Well now, I have been asked to describe what I personally know of this history during my 25 years as Provost of
Coventry, 1933-1958. Let me then, describe these public Church movements and personalities over the course
of those memorable years.
In the immediate pre-war period the City of Coventry had the inestimable benefit of having resident in its midst,
as Bishop of Coventry, Dr Mervyn Haigh, a great man of extraordinary intellectual power and personal ability.

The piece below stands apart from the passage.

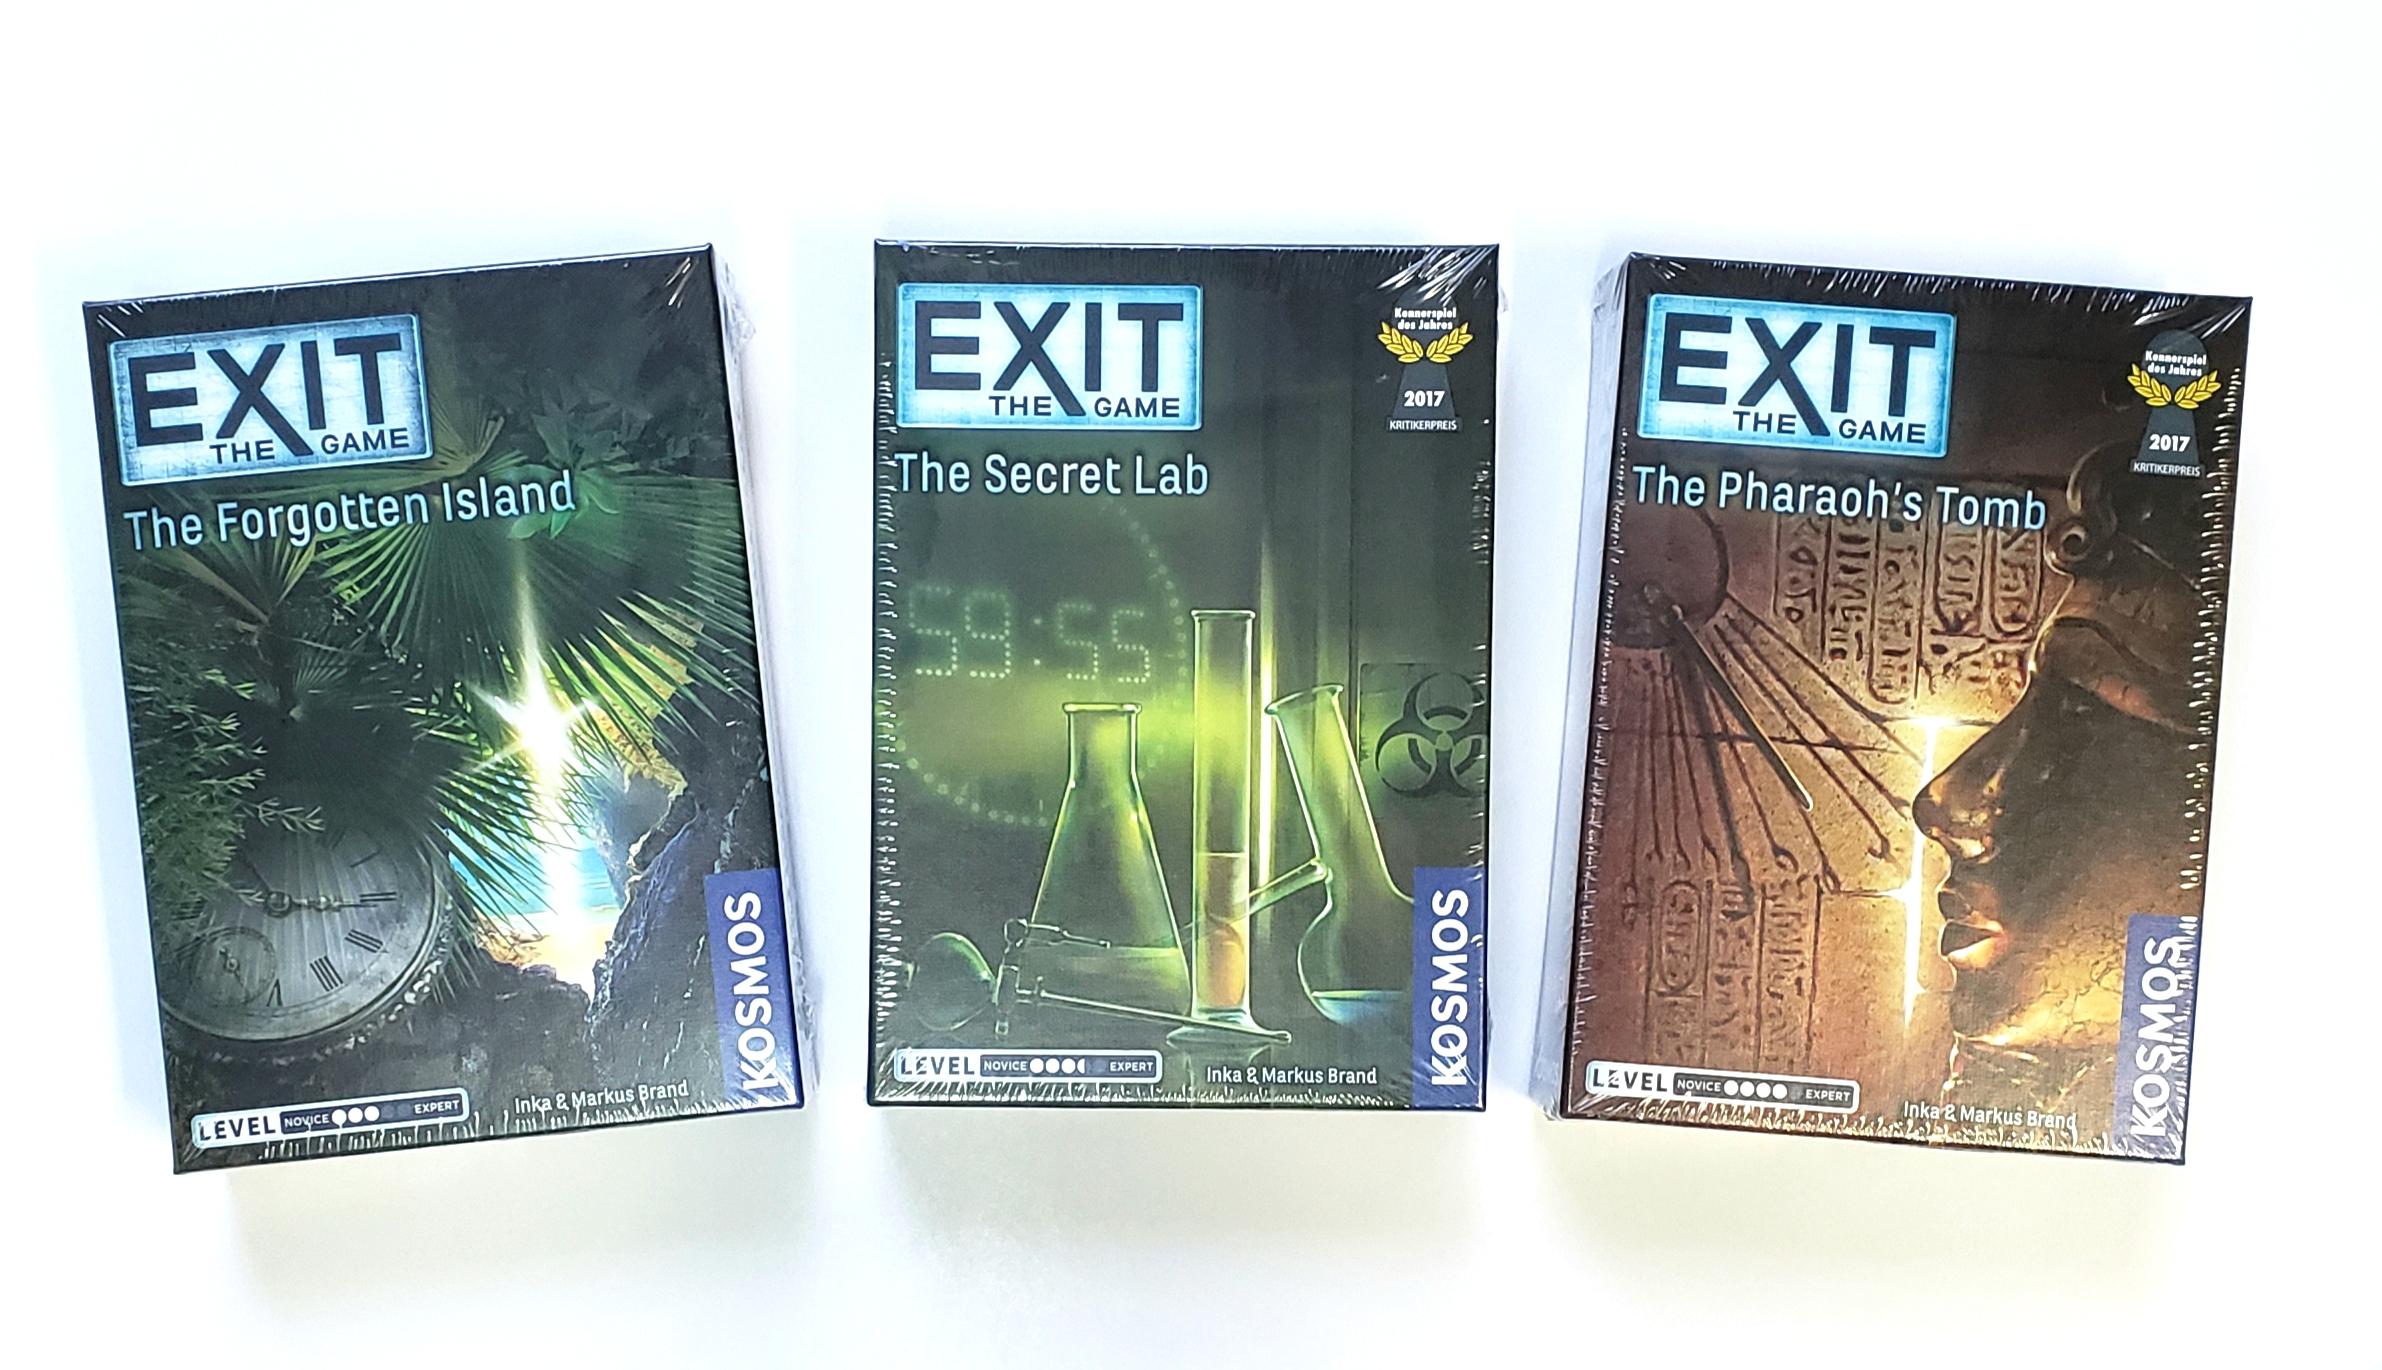 EXIT Game Series
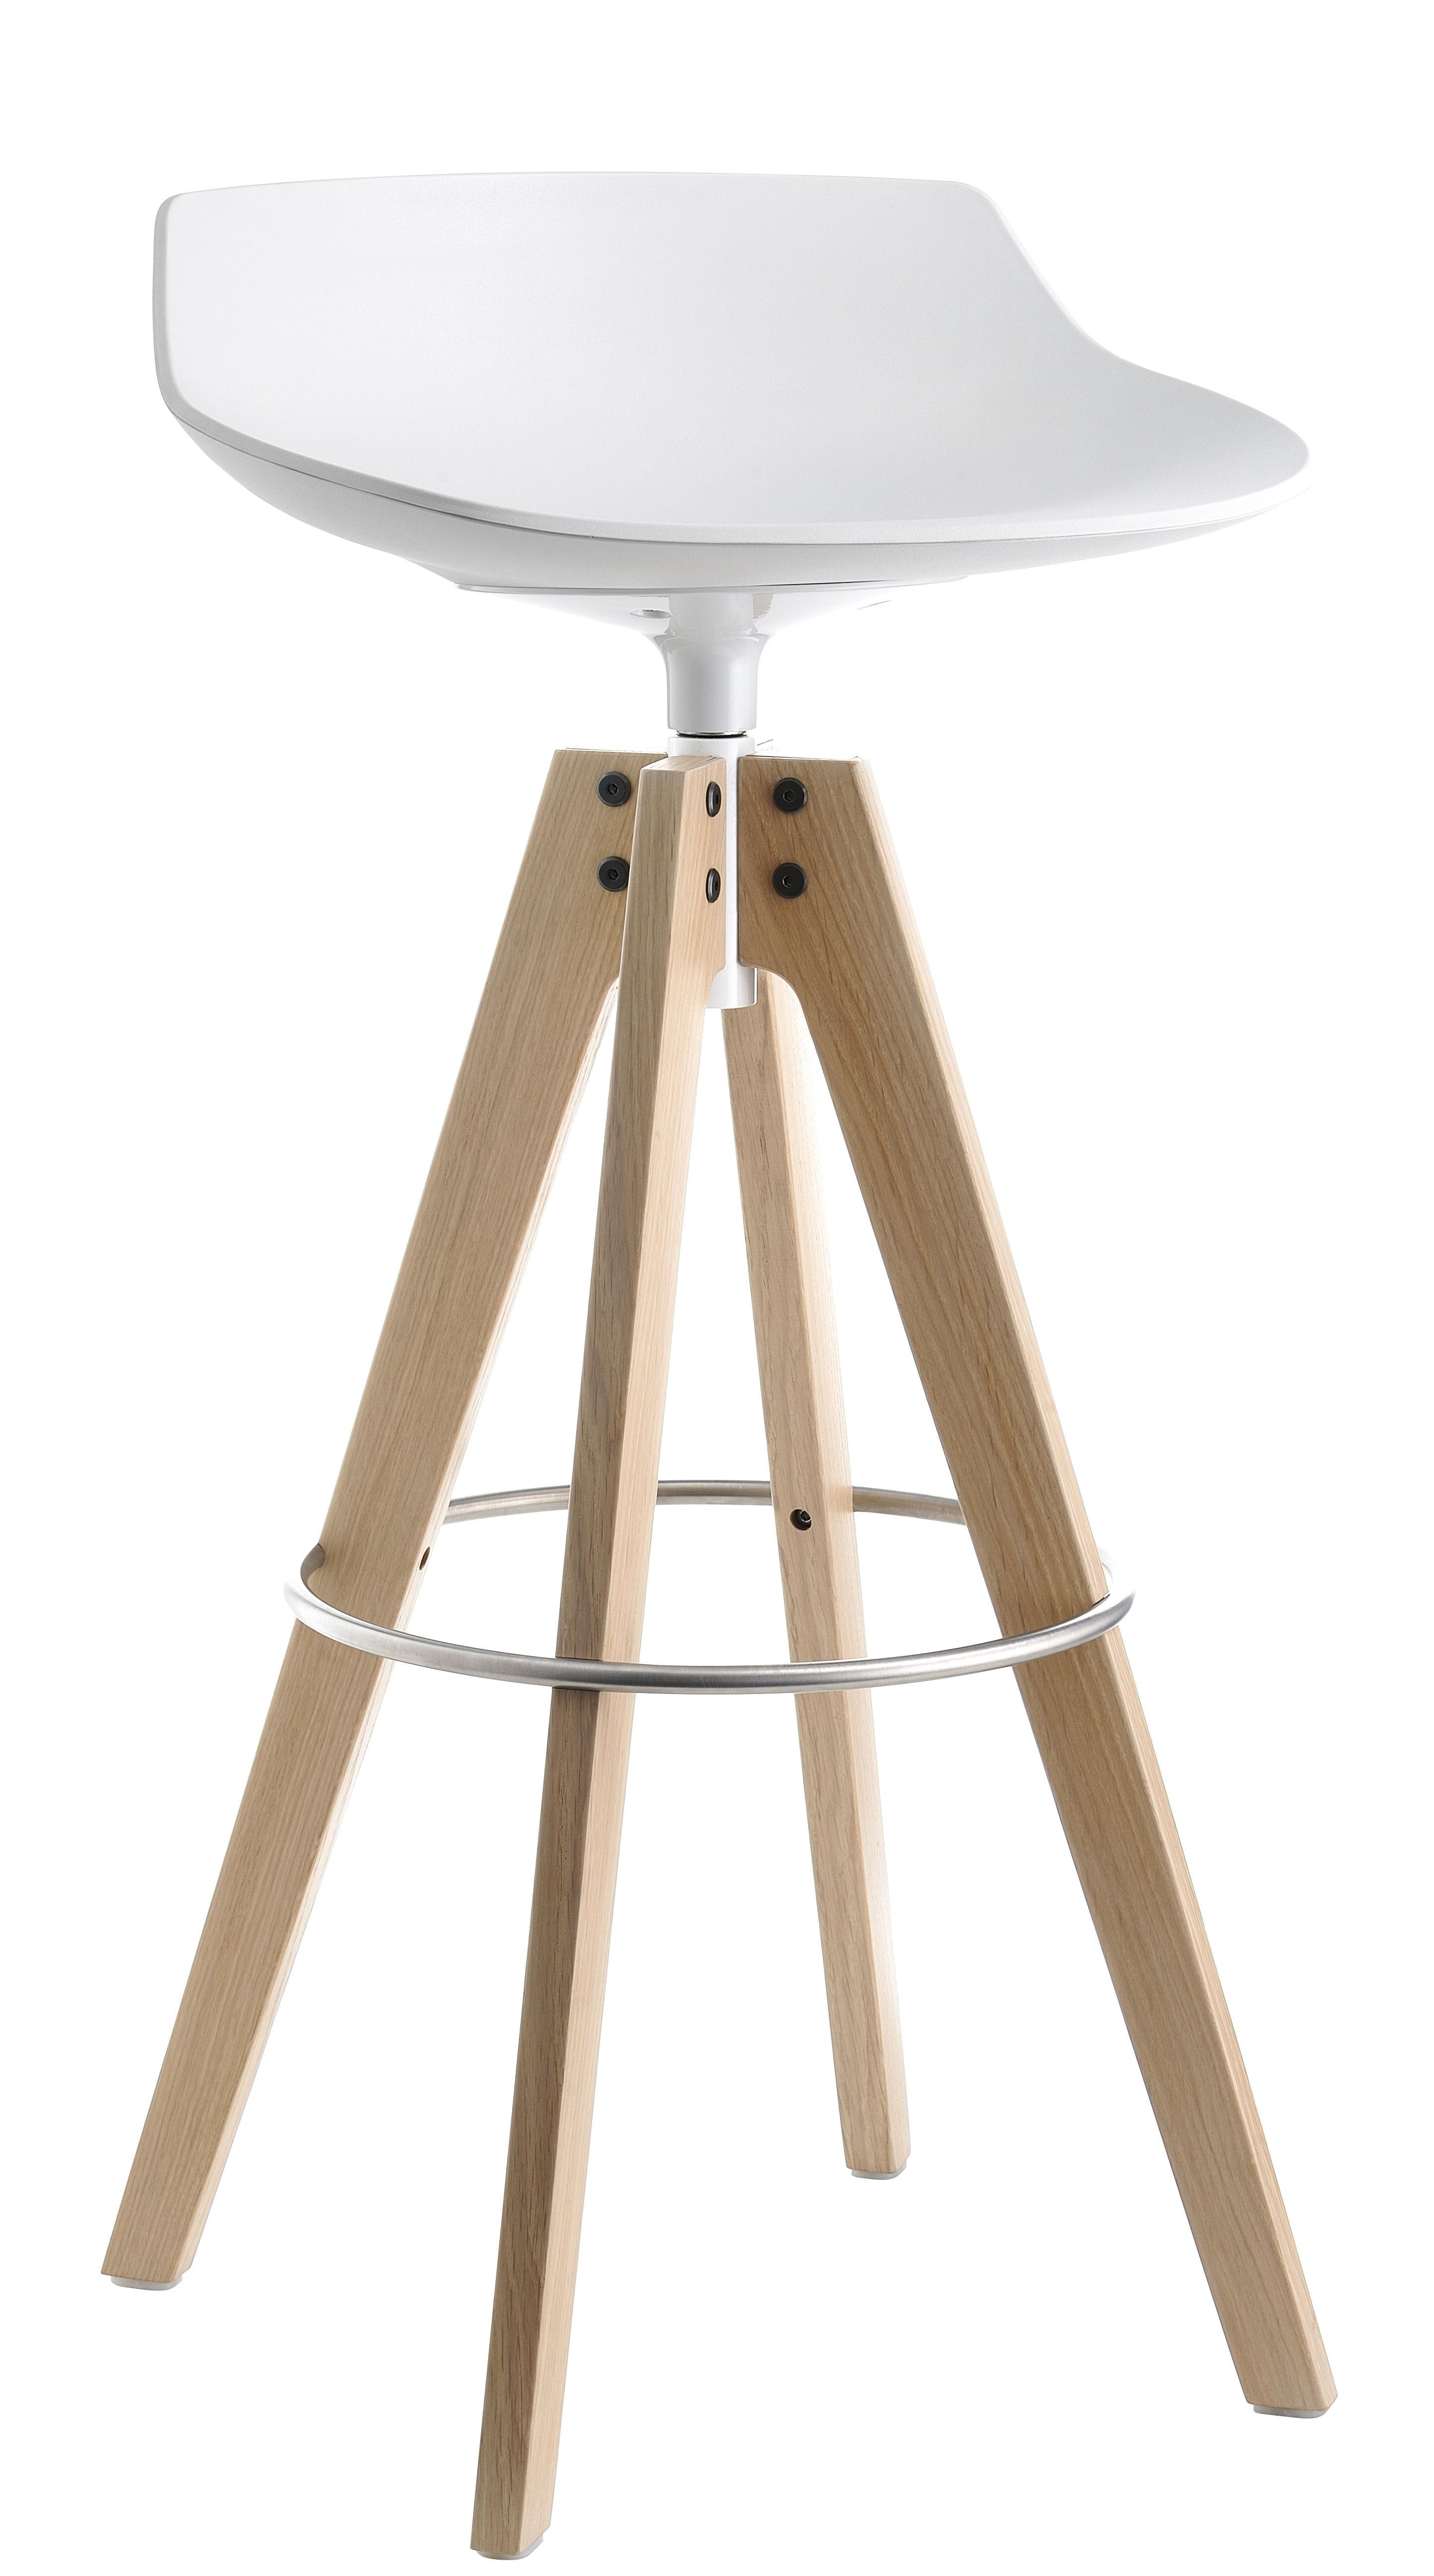 tabouret de bar flow h 78 cm pieds ch ne blanc pi tement ch ne naturel mdf italia. Black Bedroom Furniture Sets. Home Design Ideas

From time to time he would make public speeches about civic, national, or international matters which went
deeper than politics to the very heart of peoples' consciences. They were printed word for word in the press and
made all the citizens think hard. Though shy and reserved in manner he had a great capacity for friendship. He
made it his business and pleasure to make friends with the public men of the City at all levels and in this way he
became well loved and greatly respected. When in 1942, after an episcopate of twelve years, he left to become
Bishop of Winchester, he was given a Civic farewell by the City of Cov. Corporation in full session, and a public
farewell in the Central Hall attended and addressed by members of all the various Churches of the
denominations.
When I arrived as Provost in 1933 there was already in existence a Council of Churches called the Coventry
Christian Social Council such as had already come into being in most big towns and cities since the first World
War. In our case this Council was all the better for being a small body consisting of six Anglican Clergymen, and
six Free Church Ministers, and, if I remember rightly, an equal number of laity , representing all the Churches of
the City. Manifestos and pamphlets were carefully discussed, drawn up, and published which went as far as
possible in proclaiming what we believed to be the practical application of the principles of Christian justice and
love in the industrial and social problems of the times. In those days there were some people who thought we
had no business to interfere in matters not strictly confined to the Church. How old fashioned that sounds today!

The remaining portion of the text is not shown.